***** LISTED ENTRIES *****

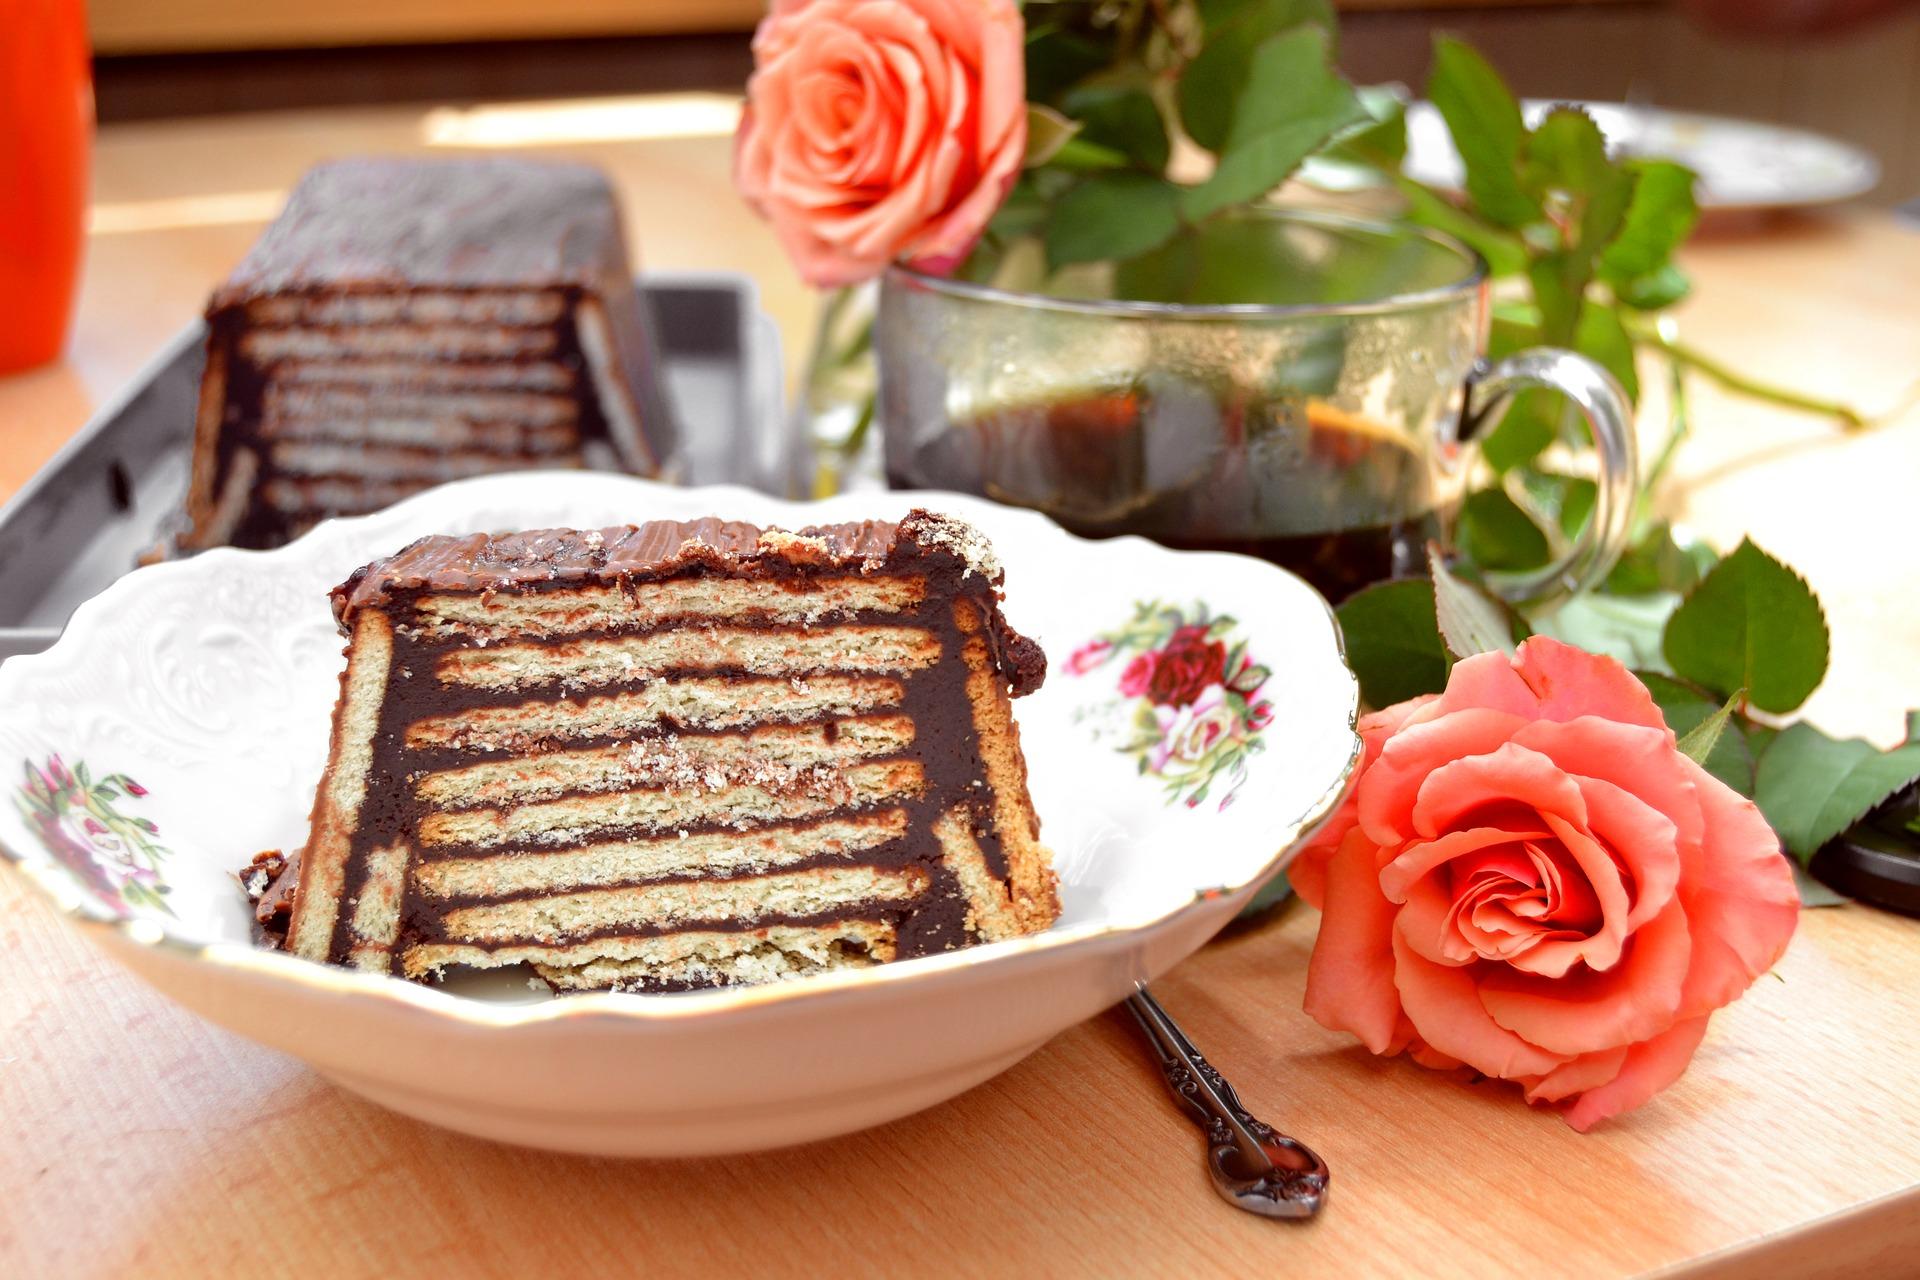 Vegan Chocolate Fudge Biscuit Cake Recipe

*****
***** LISTED ENTRIES *****

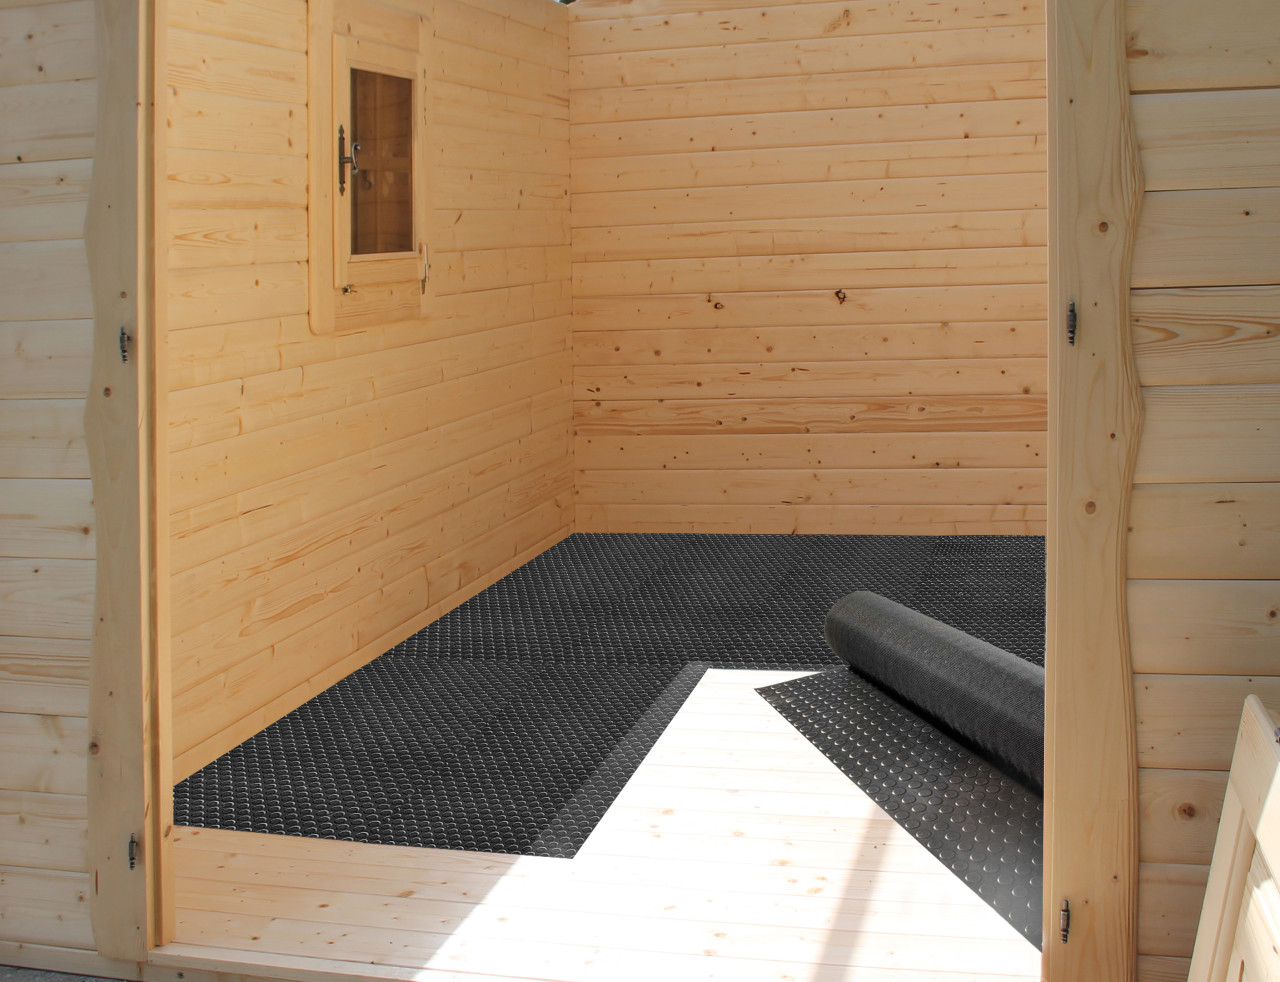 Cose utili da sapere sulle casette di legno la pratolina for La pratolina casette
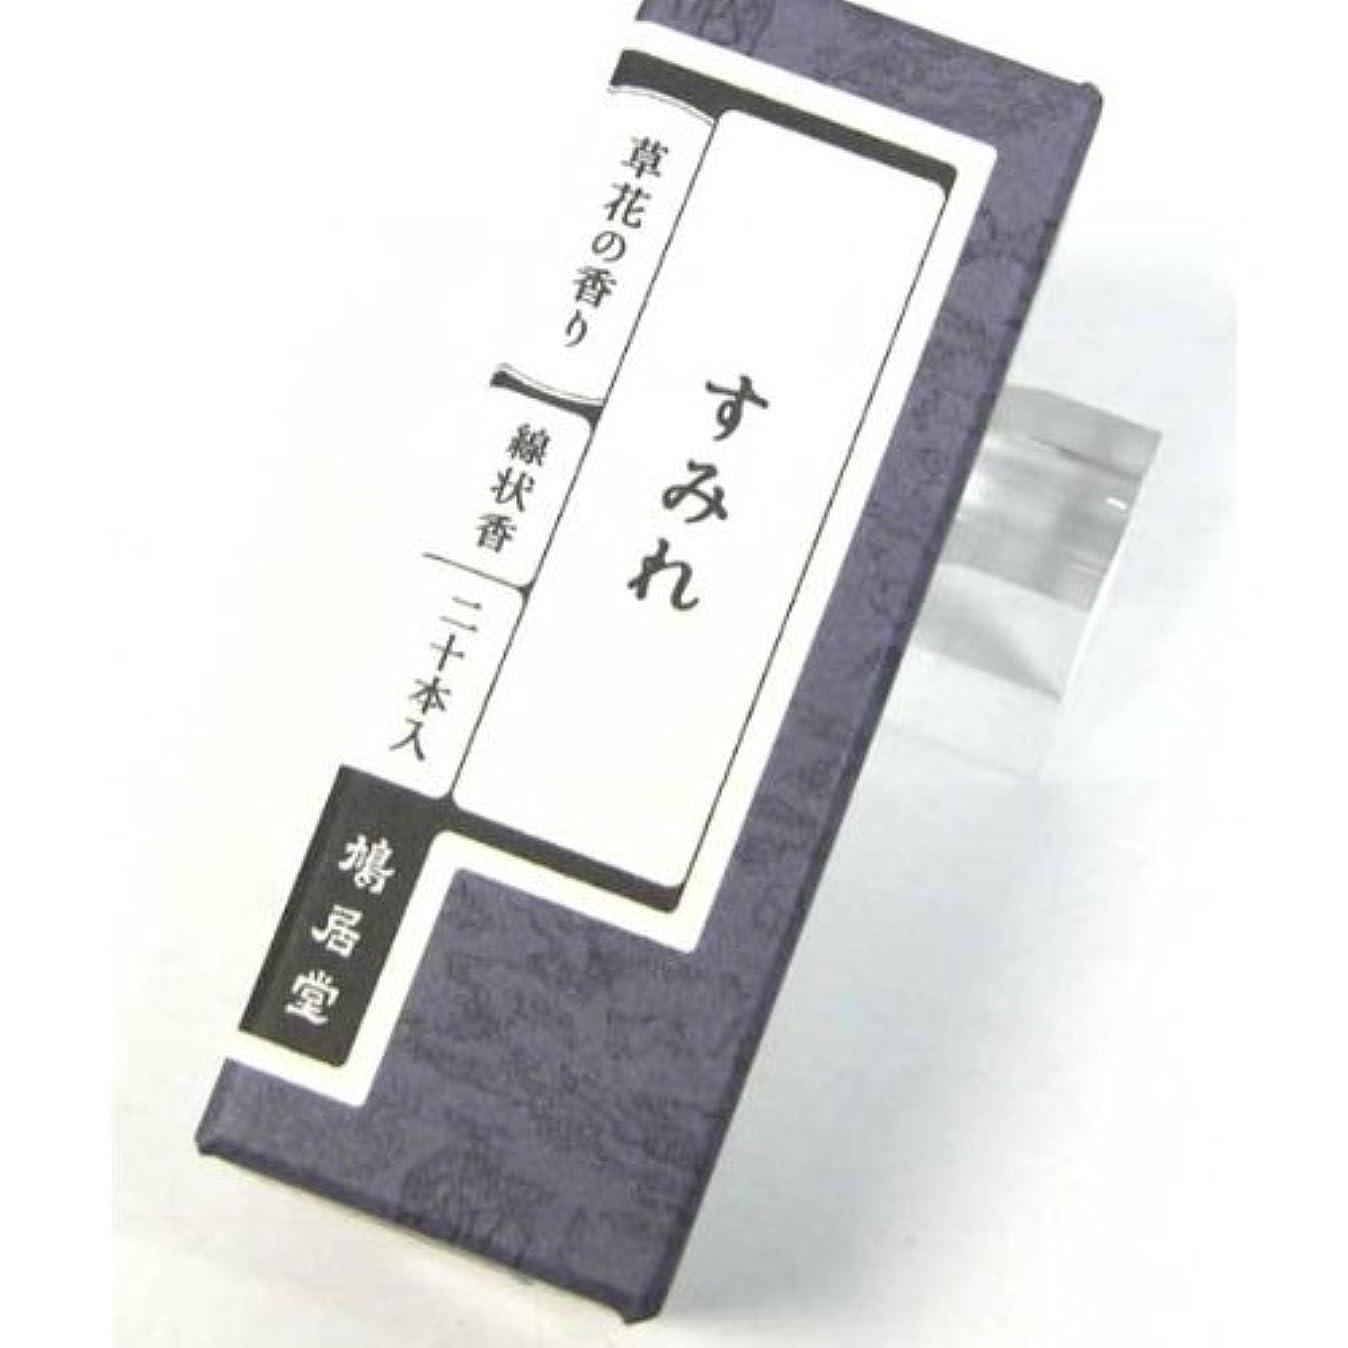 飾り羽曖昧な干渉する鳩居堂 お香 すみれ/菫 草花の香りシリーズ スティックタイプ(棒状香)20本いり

*****

-- WHAT IS BEING ASKED --
Take the material above and output only the lines from the one that contains "Cose utili da" through the one that contains "飾り羽曖昧な干渉する鳩居堂 お香 すみれ/菫", ends included and images left out.

-- EXERCISE SOLUTION --
 Cose utili da sapere sulle casette di legno la pratolina for La pratolina casette
 飾り羽曖昧な干渉する鳩居堂 お香 すみれ/菫 草花の香りシリーズ スティックタイプ(棒状香)20本いり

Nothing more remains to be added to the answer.